La Coupe du monde 2026, co-organisée par les États-Unis, le Canada et le Mexique, a démarré. Et parmi les visages de ce rendez-vous planétaire, il en est un que les caméras peinent encore à saisir : celui des femmes. Alors qu’elles restent sous-représentées dans les rédactions sportives et quasi absentes des plateaux de commentateurs sportifs, elles sont pourtant bien dans les tribunes et suivent leur équipe de stade en stade avec ferveur.

Socialisées par des figures masculines, contraintes d’adopter des codes virils pour être respectées, ces femmes évoluent dans un paradoxe permanent : affirmer leur passion tout en neutralisant leur féminité. C’est l’un des constats de l’étude sur le supporterisme féminin dans les pays arabes, menée par la sociologue du sport tunisienne Chiraz Belfekih. Début 2026, elle a participé à la conférence “L’identité urbaine sous le prisme du football”, organisée par Casamémoire à l’American Arts Center à Casablanca. Elle a répondu aux questions de TelQuel.

TelQuel : Les trajectoires de supportrices sont nombreuses mais font l’objet de peu d’études jusqu’à présent. Pourquoi d’après vous ?

La sociologue tunisienne Chiraz Belfekih décrypte les paradoxes d’une passion qui se vit entre effacement et affirmation de soi.Crédit: DR

Chiraz Belfekih : Le monde du football exclut structurellement les femmes de sa sphère principale. Cette exclusion se manifeste à tous les niveaux : très peu de femmes occupent des postes de direction, d’arbitrage, et l’on compte peu de joueuses et de supportrices.

“Créé par et pour les hommes comme activité de loisir masculin, le football a vu l’arrivée des femmes comme une greffe que beaucoup refusaient d’accepter”

Chiraz Belfekih, sociologue du sport

Cette situation s’enracine dans l’histoire même du football. Créé par et pour les hommes comme activité de loisir masculin, il a vu l’arrivée des femmes comme une greffe que beaucoup refusaient d’accepter. Or, transformer ces ancrages historiques demande des décennies, parfois des siècles.

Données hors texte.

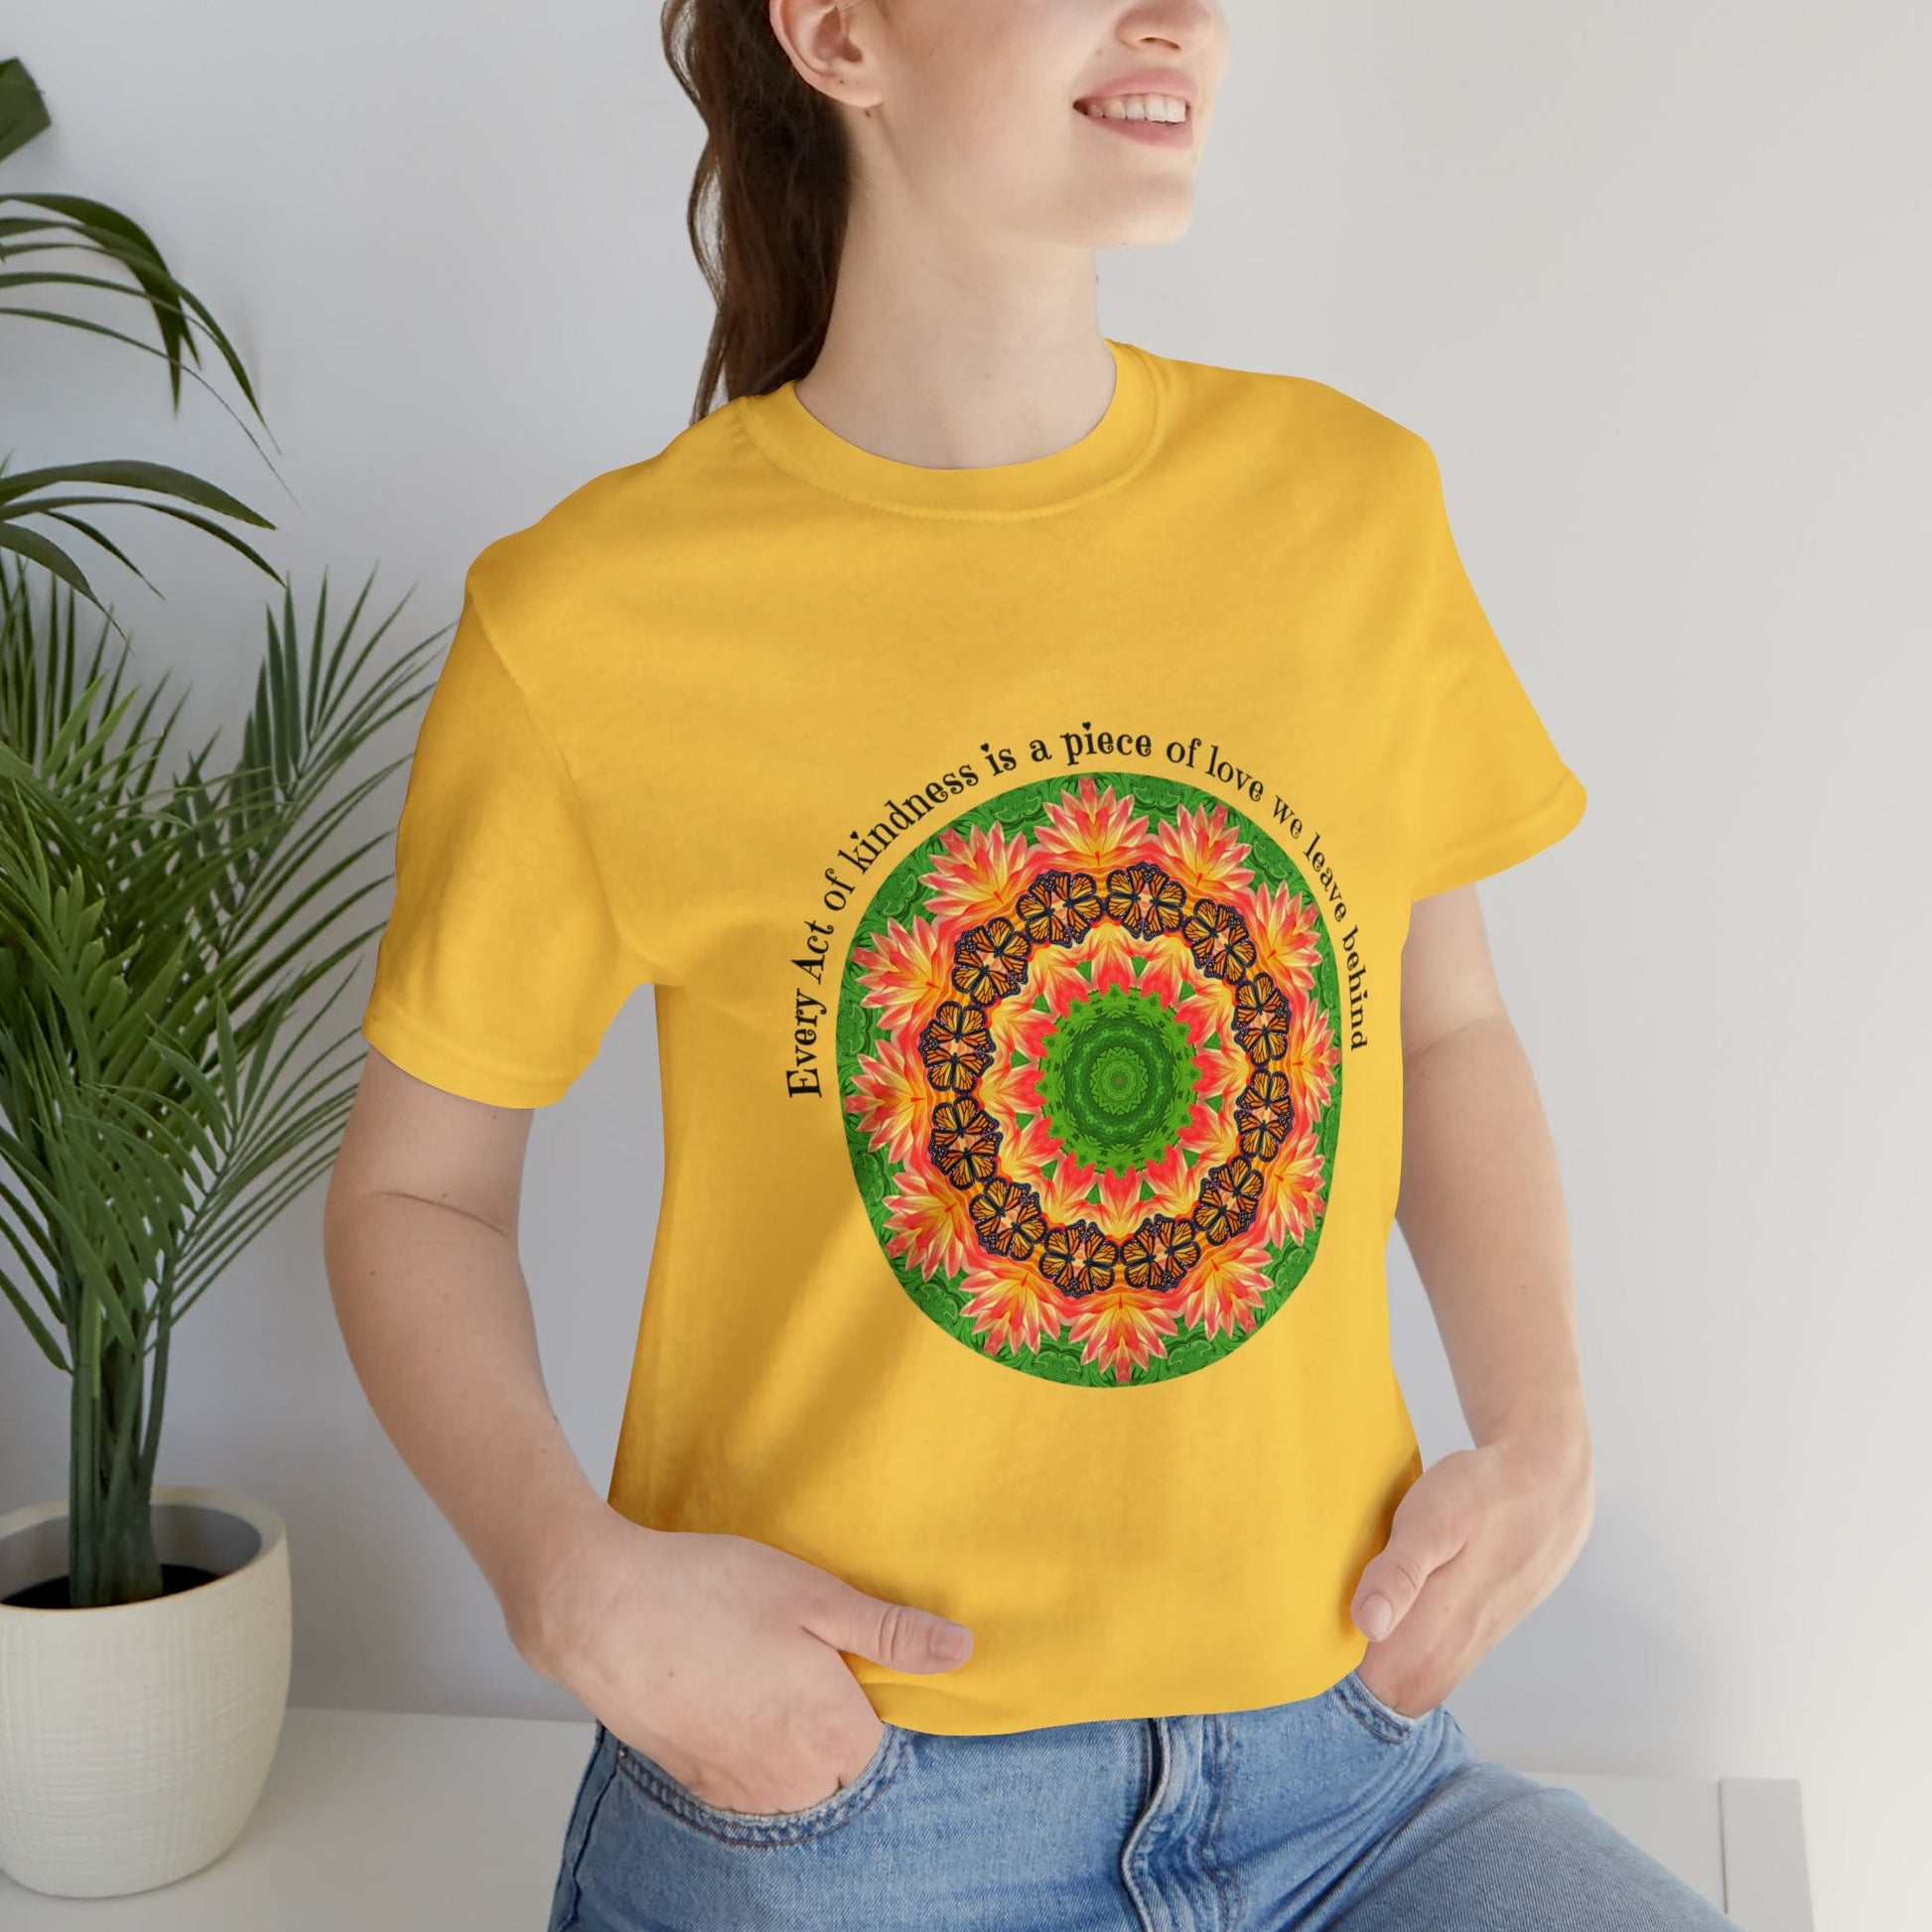 Beautiful Butterfly Mandala Art Graphic Tee Shirt - Cottagecore Clothing A Nature Lovers Delight Ornate Orbit yellow

Déjà pendant l’Antiquité, un mythe raconte que, lors des Jeux olympiques grecs, une femme a voulu assister aux compétitions de pugilat pour voir son fils concourir. L’accès au stade étant interdit à son genre, elle s’est déguisée en entraîneur. Découverte, elle a été sanctionnée, ainsi que son fils. On voit déjà là l’ébauche de ce qui allait perdurer.

Mais, au-delà de l’accès initial, qui passe par la socialisation, se pose la question de l’évolution de carrière des femmes supportrices.

Justement, en parlant de socialisation, vous soulignez dans vos études le rôle crucial des pères. Qu’en est-il des mères et des figures féminines ? 

Les mères sont parfois présentes, mais pas systématiquement. Elles ont tendance à juger leurs filles, estimant qu’elles sont trop engagées. Néanmoins, certaines supportrices affirment avoir été soutenues par leurs mères, même si ce ne sont pas elles qui les ont initiées au football.

Ce qui est intéressant, c’est qu’à partir de la puberté, comme l’ont exprimé plusieurs supportrices, elles “deviennent des femmes”. Dès lors, un schéma d’assignation de rôles se met systématiquement en place. Les mères craignent que leurs filles ne s’engagent sur des chemins peu recommandables et prennent alors le relais pour éviter qu’elles ne se sentent perdues en l’absence du père.